There has been a lot of dialogue lately about the challenges career women face when it comes to family formation.
As I predicted earlier, women are beginning to run into the limits of the feminist dream, and some of them (along with their white knight sympathizers) are wondering what to do about it. This comment embodies the general tone from those who are anxious to keep the dream alive:
Anyone who was serious about increasing the fertility of highly educated women would offer some policy proposals that would make child bearing and child rearing less overwhelmingly expensive for them. Only women at the highest income levels can have children without largely sacrificing all of their other goals. Universal preschool, longer school days and school years, and a more flexible and humane work culture (for everyone) would go a long way towards encouraging educated, middle-class women to have more kids.
And he’s not entirely off here—those things would make it easier for women to have more children, and I suspect they would also create at least a slight uptick in the fertility rate.
The problem is that we cannot afford them.
The United States has budget issues right now that make funding a more expansive public education curriculum problematic. Can the US government afford to oversee a further expansion of its education system (paying for longer school days, longer school years, universal pre-school, more staff to manage all of this, etc) and deal with the coming boomer crunch on top of its other burdens the US maintains?
I don’t know. I’m not going to bet on it.
The problem here is that we have competing forces at work. Women are becoming more ambitious and want to move further and further up the ladder, but are hoping that they can keep some vestiges of the “old days” around.

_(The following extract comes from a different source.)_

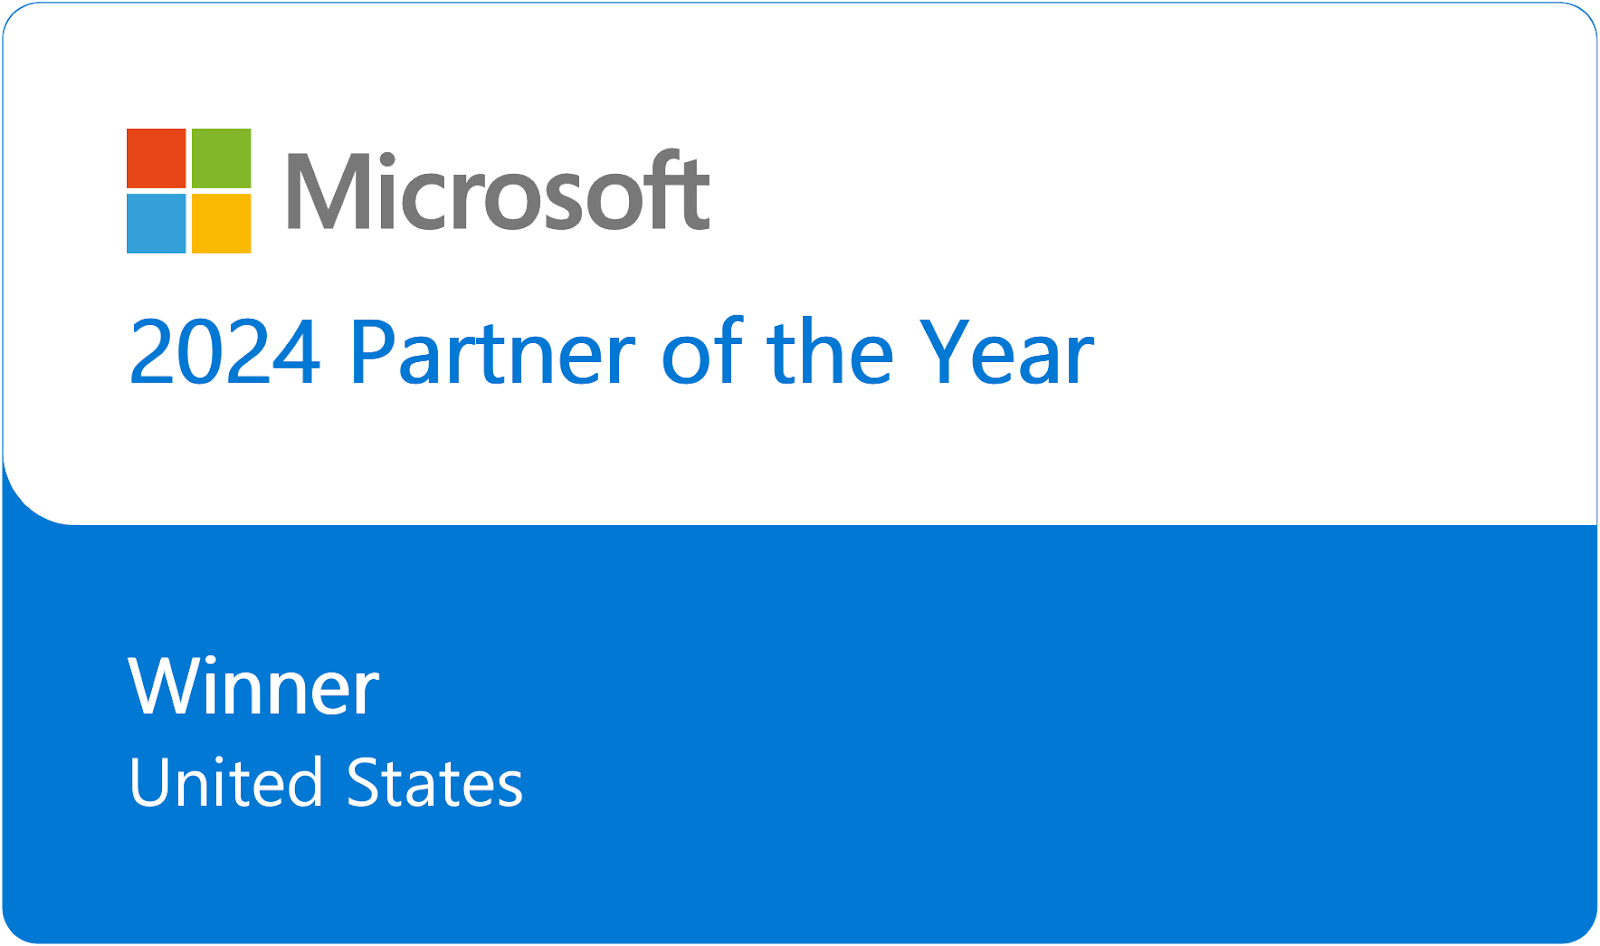 Microsoft 2024 Partner of the Year Winner - United States

Those vestiges include the ability to find and marry a reasonably attractive male at or above their socio-economic level and the ability to raise a sizable family (the typical American woman desires at least 2 children).
The problem is that their goals clash with these desires.

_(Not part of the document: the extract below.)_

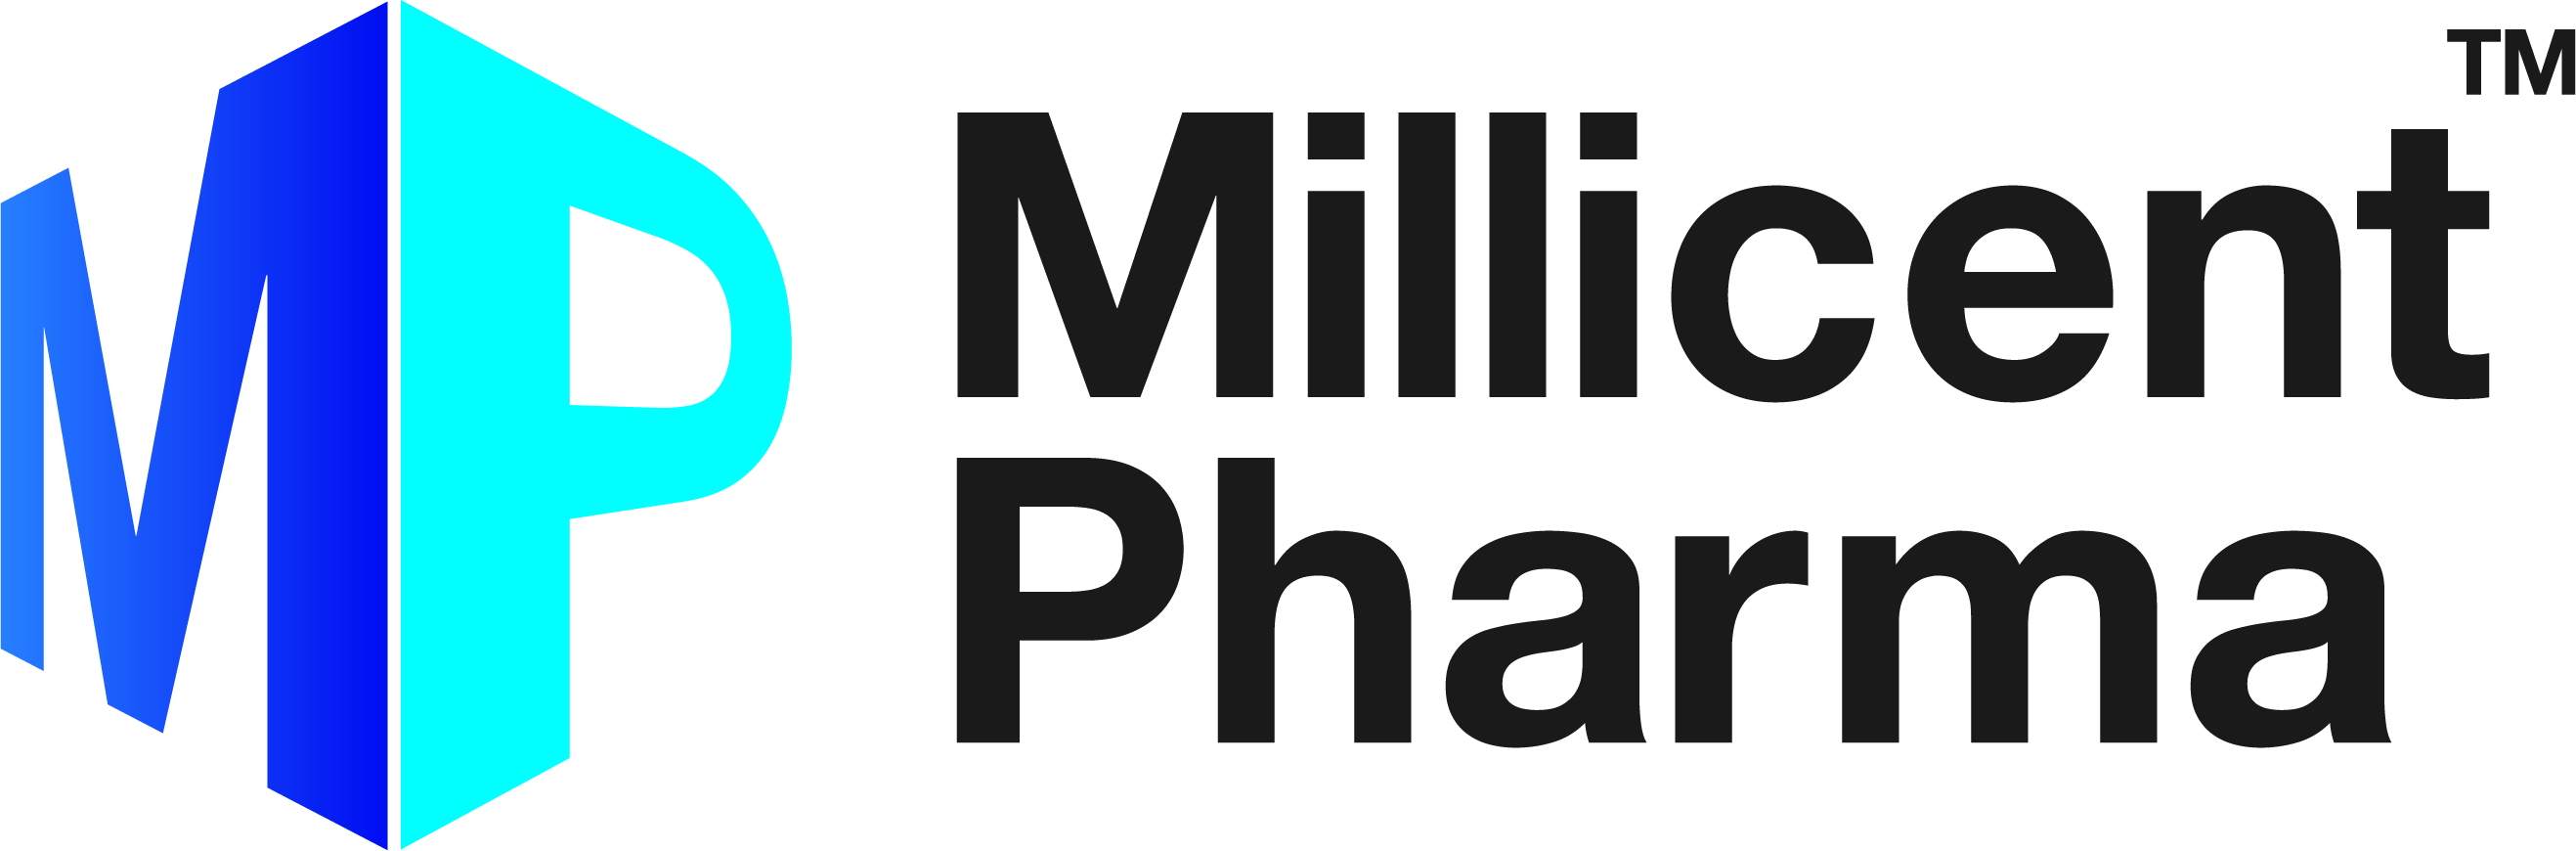 Millicent Pharma Logo CMYK

The Disappearance of Mr. Right
Female dominance in higher education has resulted in fewer men who meet their standards. Educated women prefer men at or above their educational and financial level. Though more women are settling than before (often unhappily), that preference remains quite strong and is likely a product of innate female hypergamy. Women, more often than not, want to date up.
When women increased their numbers in college and in the workplace, society did not create more jobs for them. Women simply took a larger share of what was available, which resulted in the displacement of men. This means fewer men with the means to satisfy these females’ requirements for a good husband/provider down the road, and more men who don’t come close to her socio-economic level and frankly couldn’t give a fuck about it.
Though a vocal minority of women say that they could care less about this (they either abstain from children or say they are happy to marry down/settle), the vast majority of still seem to want the ability to make this choice, and many of them no longer have it.
An increasingly large block of the female populace is finding itself unable to get what it wants romantically, despite having been told for most of their life that this would certainly come to them.
The workplace conditions show us another clash. Women wanted the ability to excel in the traditionally male spheres of the working world, making equal salaries for the effort. This means doing equal work—there is no way around this. If we begin to make more allowances for women to take more time from work voluntarily, we’ll have to accept that the pay gap may never close. Female employees will be rendered less productive because of this, and thus could not be compensated at precisely the same level. Many feminists simply will not accept this.
If we try to compensate for this by forcing men to take time off concurrently via male parental leave, we risk further lowering productivity of the workforce as a whole, and endangering our ability to maintain the economic strength and the wealth we now take for granted, the same strength/wealth that funds many of the benefits feminists are demanding. When we artificially lower male productivity in order to compensate women and enforce gender equality, we pay for it. There’s no guarantee that we can afford that price.
The only viable solution would be for these women to accept an inability to succeed in the male professional sphere AND raise a family in a traditional sense without some massive compromise.
These women would perhaps call for increased work flexibility and parental leave, but would have to accept the persistence of a pay gap in return. These women would have to be willing to sacrifice their ambition for the sake of raising a family in the somewhat traditional ways they want to raise them, and accept that there is no way to avoid making that compromise.
As I said before, many of these privileged women (we are discussing an issue that deals almost exclusively with white, middle/upper class American women here) simply will not accept this. So long as that is the case, there is no real solution to their problems.